(Beginning of RECORDS FOR THE TASK)

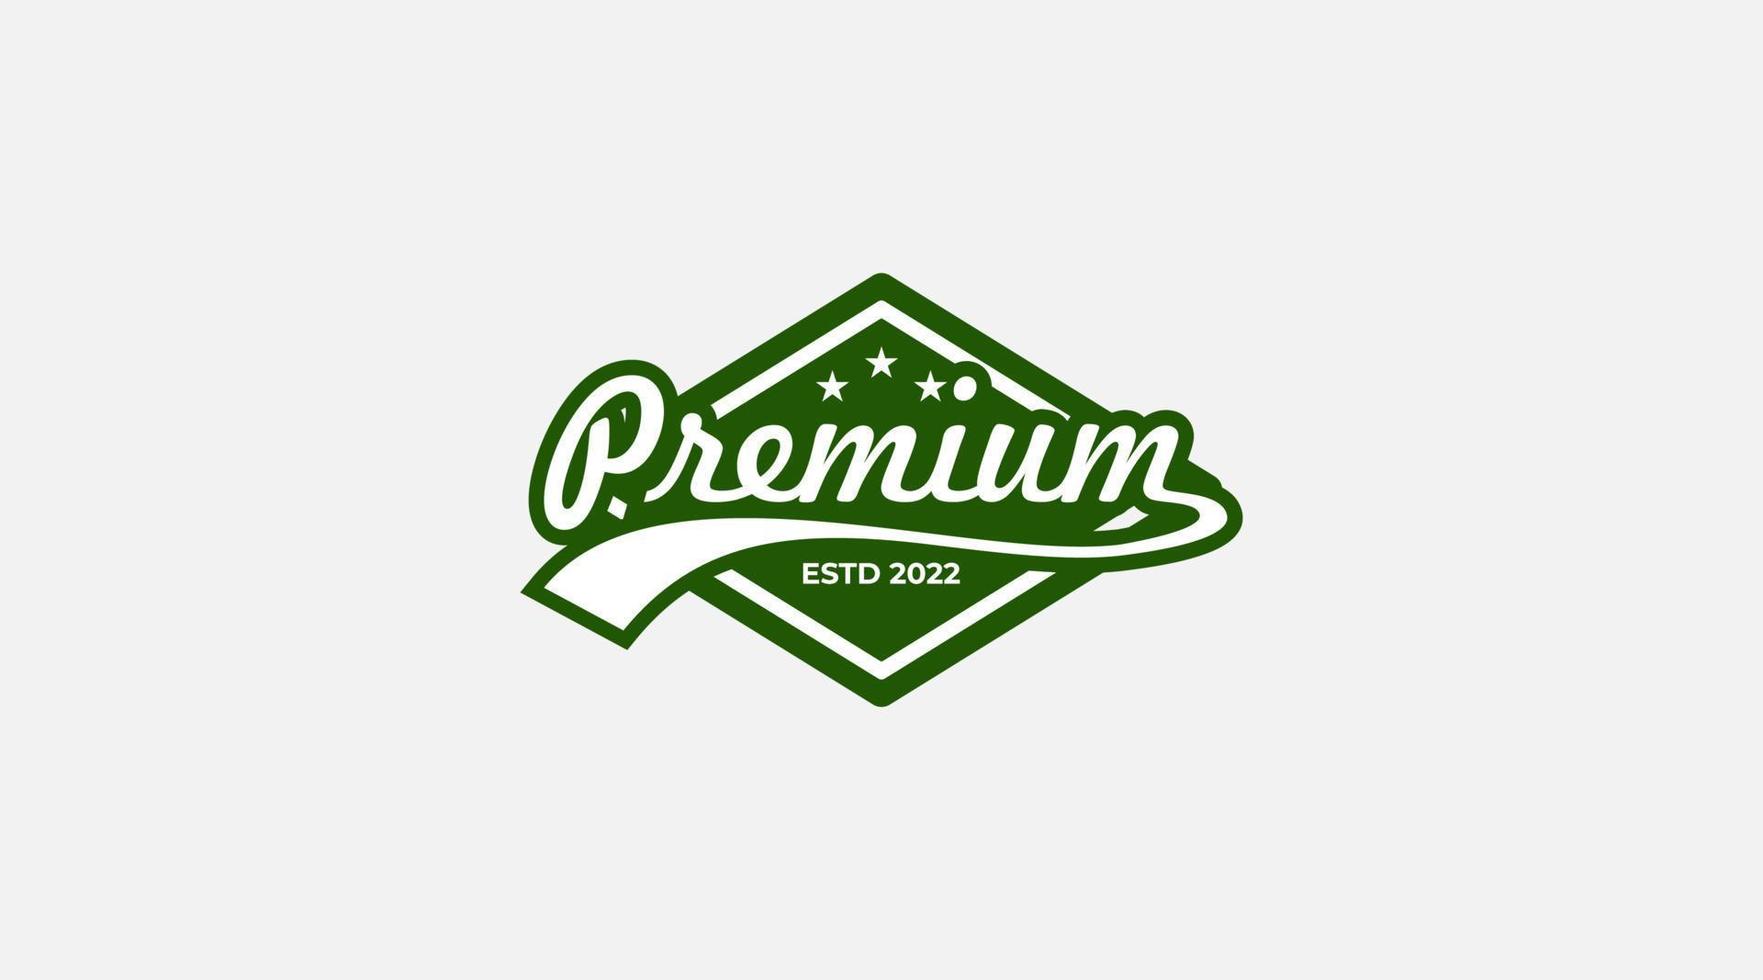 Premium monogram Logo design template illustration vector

(End of RECORDS FOR THE TASK)
(Beginning of RECORDS FOR THE TASK)

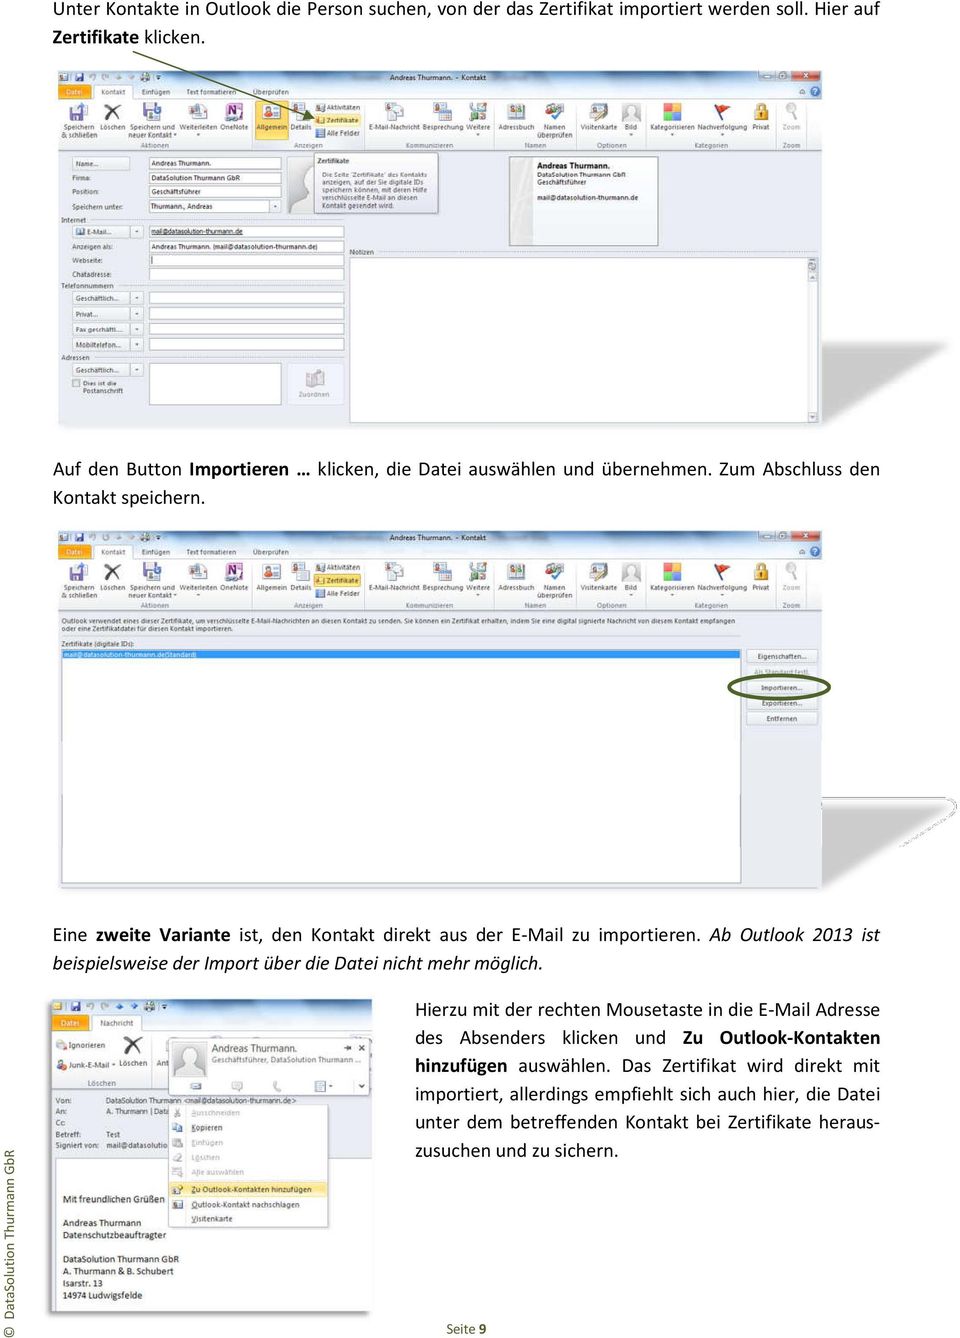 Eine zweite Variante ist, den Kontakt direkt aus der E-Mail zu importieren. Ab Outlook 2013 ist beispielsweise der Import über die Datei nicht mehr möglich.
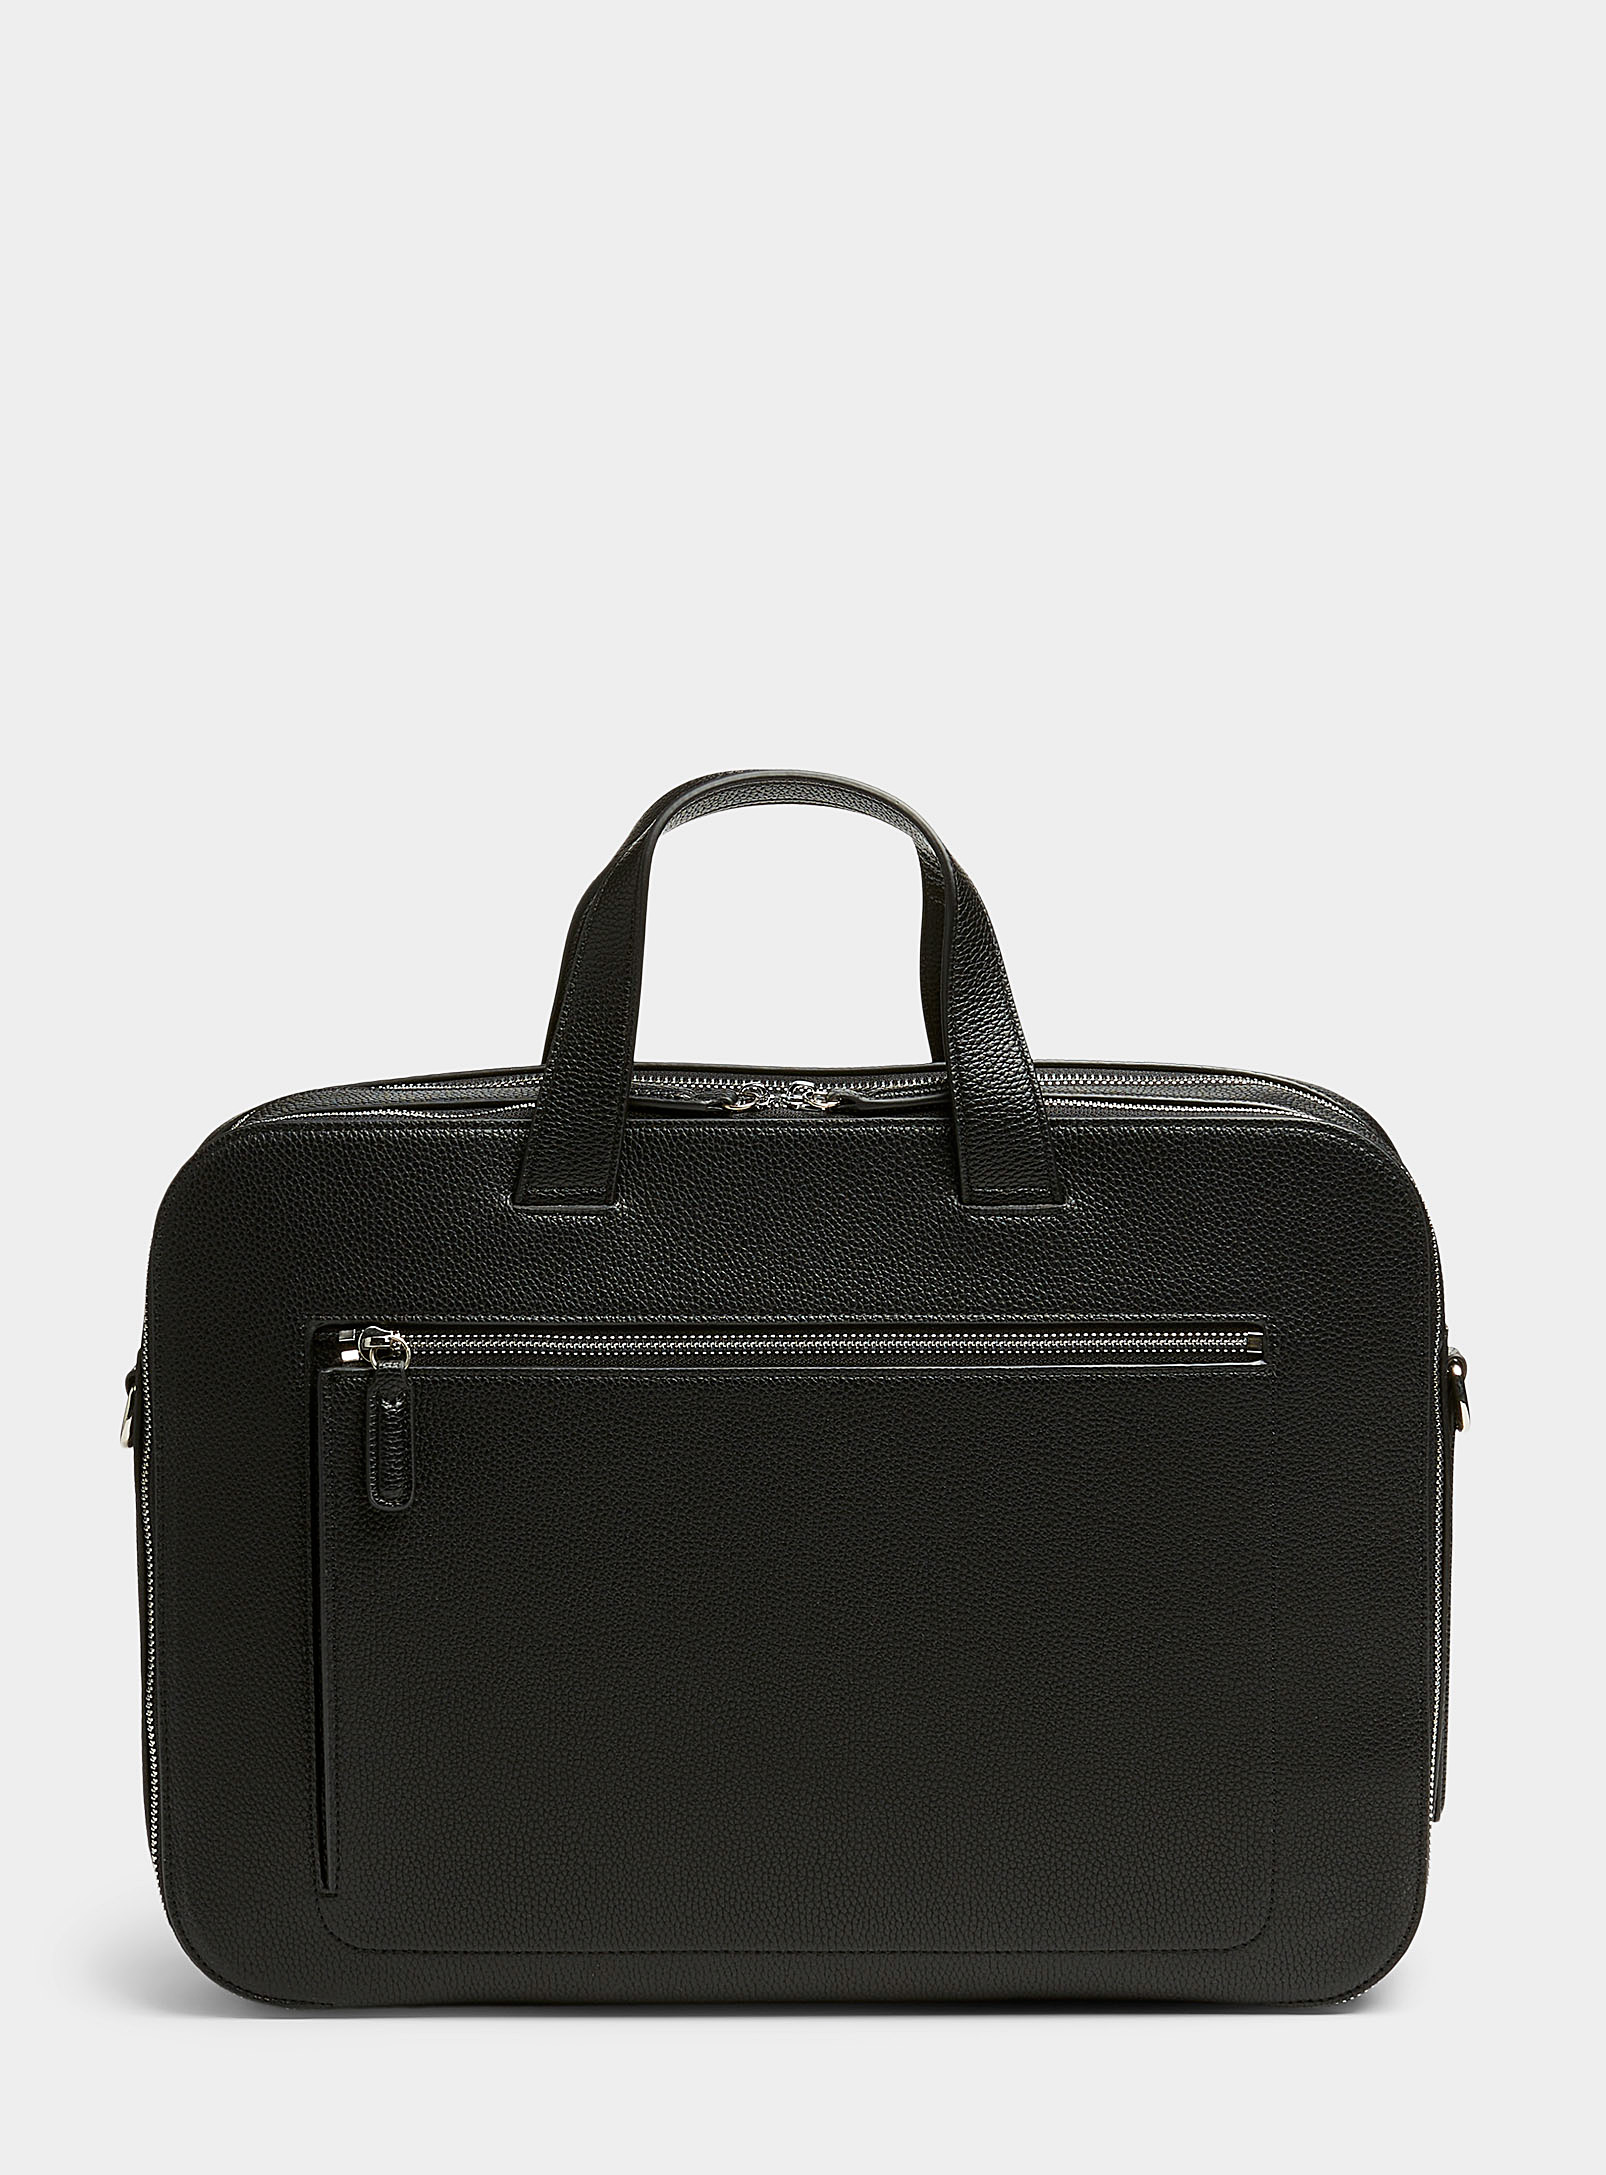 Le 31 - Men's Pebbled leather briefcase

(End of RECORDS FOR THE TASK)
(Beginning of RECORDS FOR THE TASK)

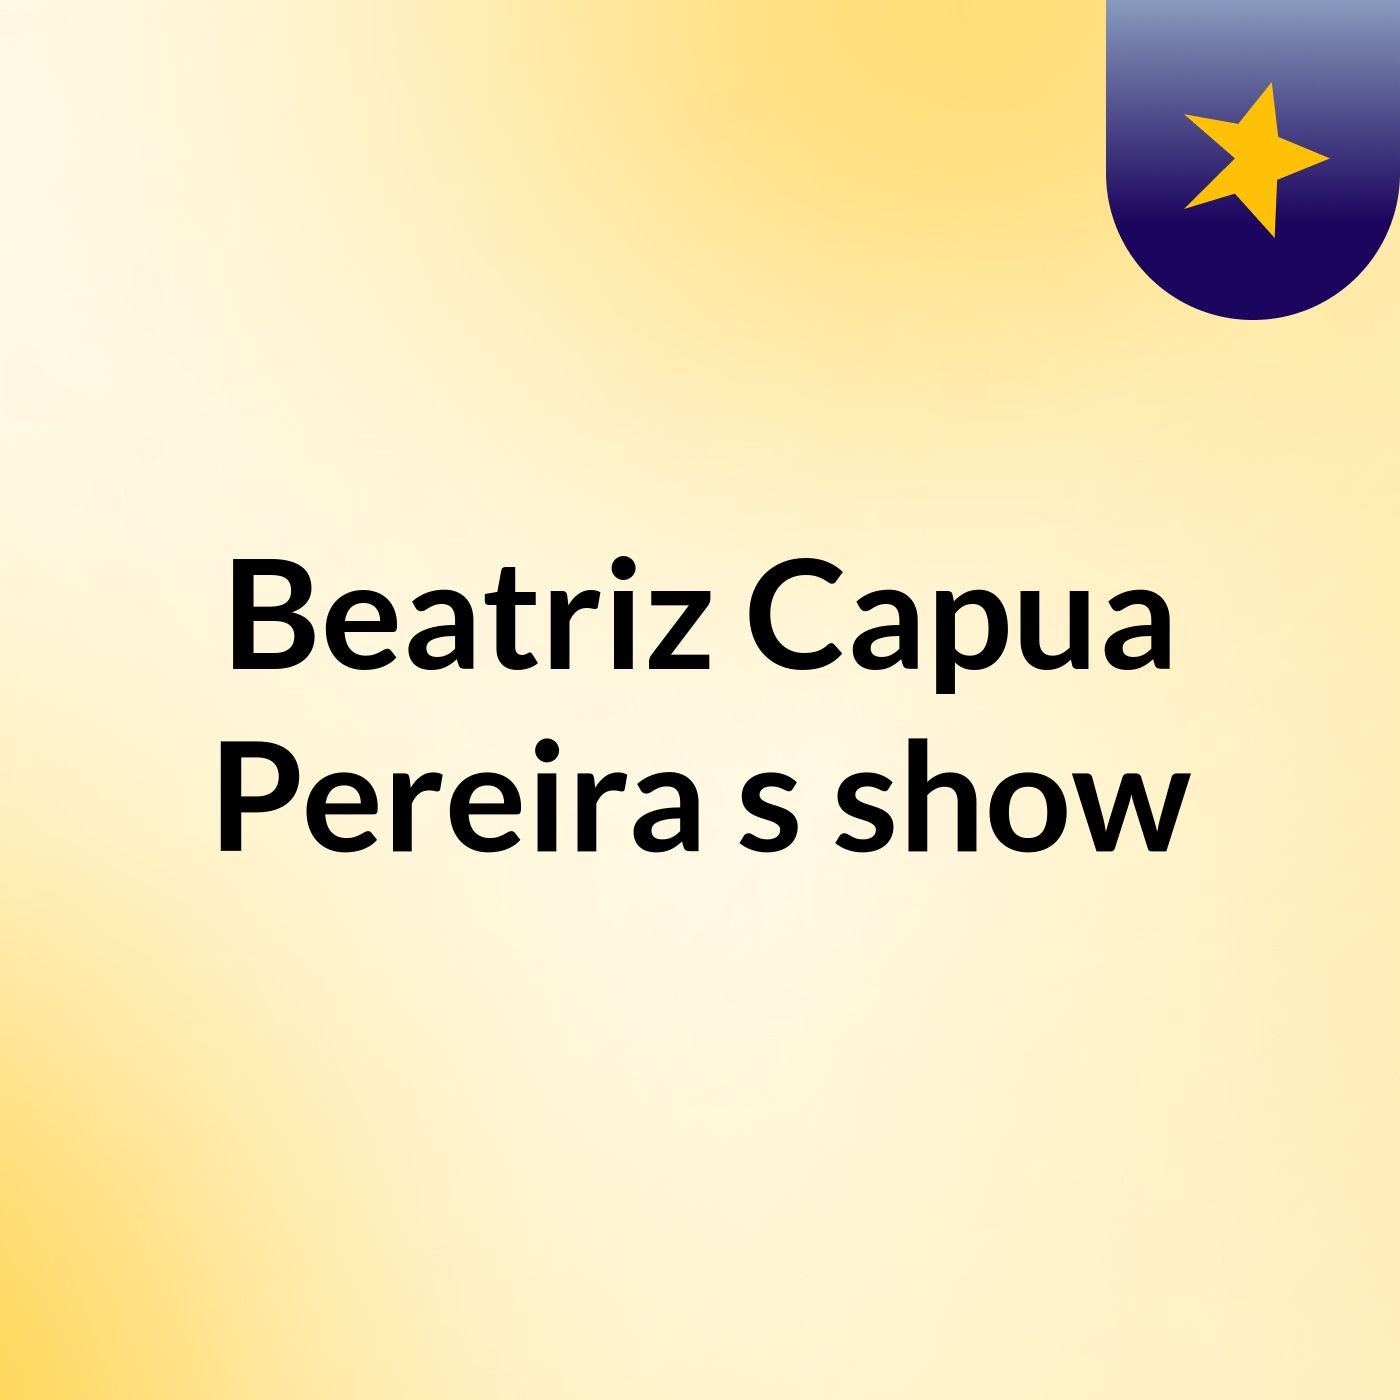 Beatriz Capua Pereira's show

(End of RECORDS FOR THE TASK)

▶ [WHAT YOU ARE ASKED TO DO]: Copy back exactly the lines above from the one containing "Eine zweite Variante" through the one containing "Le 31 - Men's Pebbled leather briefcase", and leave every picture behind.

▶ [SOLUTION TO THE EXERCISE]:
 Eine zweite Variante ist, den Kontakt direkt aus der E-Mail zu importieren. Ab Outlook 2013 ist beispielsweise der Import über die Datei nicht mehr möglich.
 Le 31 - Men's Pebbled leather briefcase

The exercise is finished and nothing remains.